The Fix Sequence That Clears ~90% of MT10720 Cases
- Restart the CCC ONE Workfile service on the affected machine.
- Re-send the blocked workfile. If it goes, you're done.
- If still failing, re-authenticate Secure Share subscriptions from Configure → Secure Share.
- If still failing, check certificate trust by hitting the CCC Secure Share URL in a browser on the same machine.
- If it's still failing and you see MT10720 on multiple machines, it is almost certainly a CCC-side incident or a trading-partner outage. Open a ticket with CCC and attach the workfile ID plus exact timestamps. Do not let the ticket sit in triage — MSOs with large volumes should escalate the same day.
What Usually Doesn't Help
- Rebuilding the workfile from scratch. The estimate content is not the problem.

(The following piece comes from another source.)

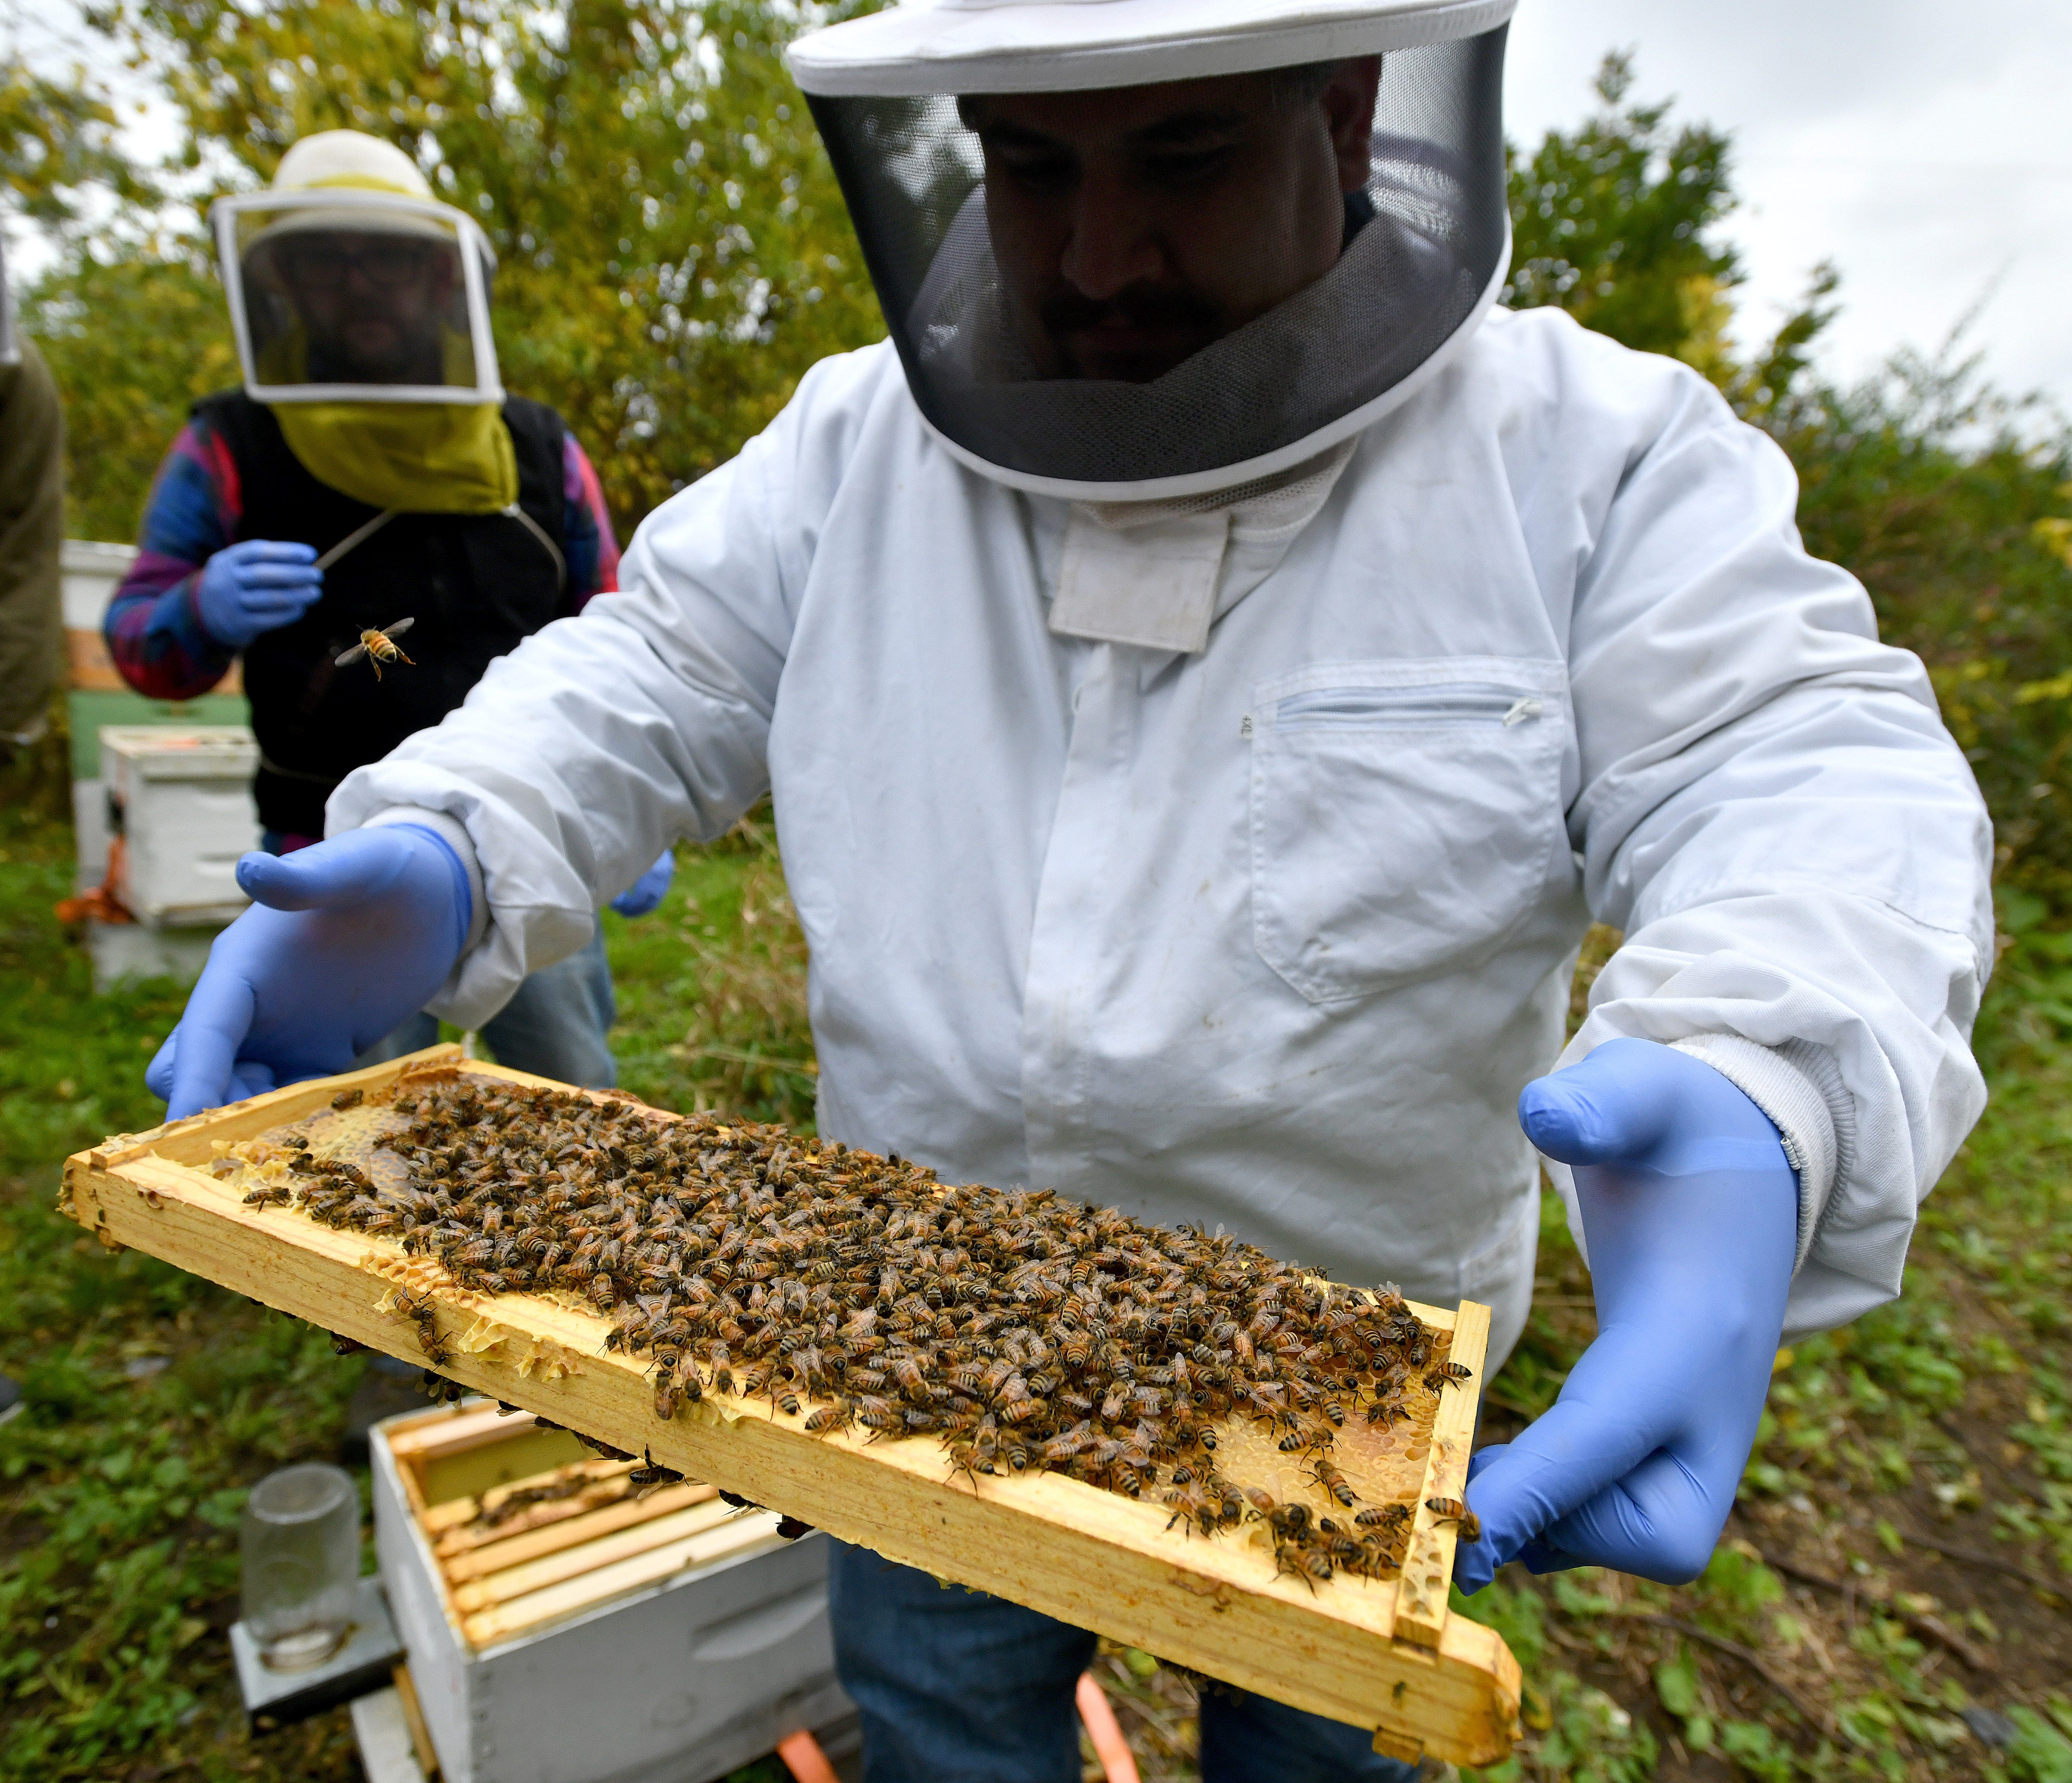 Tom Kusar, a US Marine Corps veteran holds a frame, removed from a hive box that is covered with busy honey bees. Kusar is being coached by Adam Ingrao (in background,) who runs Heroes to Hives, a program that uses beekeeping as a therapeutic and entrepreneurial tool for returning veterans.

- Uninstalling and reinstalling CCC ONE. Occasionally fixes it, but almost always by side effect (it resets the service and clears credentials).
- Trying again tomorrow. Sometimes it clears on its own when the partner's transport recovers. But if the root cause is on your side, it will recur.
How MSOs Make MT10720 Stop Mattering
The real pain of MT10720 isn't any single occurrence — it's discovering an hour later, or the next morning, that a handful of sends failed silently and nobody pushed them through. That's how a State Farm DRP score slips or a parts vendor misses a cutoff.
The fix we've built for MSO customers is a small watcher job that runs against CCC ONE's event log and the Secure Share send history. It does three things:
- Alerts in Slack (or email, or Teams) the instant an MT10720 is logged at any shop.
- Automatically retries the send after a configurable delay.
- Keeps a rolling count so leadership can see "we had 4 MT10720 events this week, all at Shop 7" — which is how you catch a machine-specific problem before it becomes a carrier-relationship problem.
A single shop can live without this. Anything over five shops, and the silent-failure risk is real. At 20+ shops, the first time you catch a cascade before the carrier does, it pays for itself.
TL;DR
- MT10720 is a CCC message-transport error, not an estimate error.
- Most cases are fixed by restarting the CCC ONE Workfile service and re-authenticating Secure Share.
- Stubborn cases are usually certificate/TLS trust on the shop machine.
- MSOs should not be finding out about MT10720 from CSRs — they should have a watcher that alerts and retries automatically.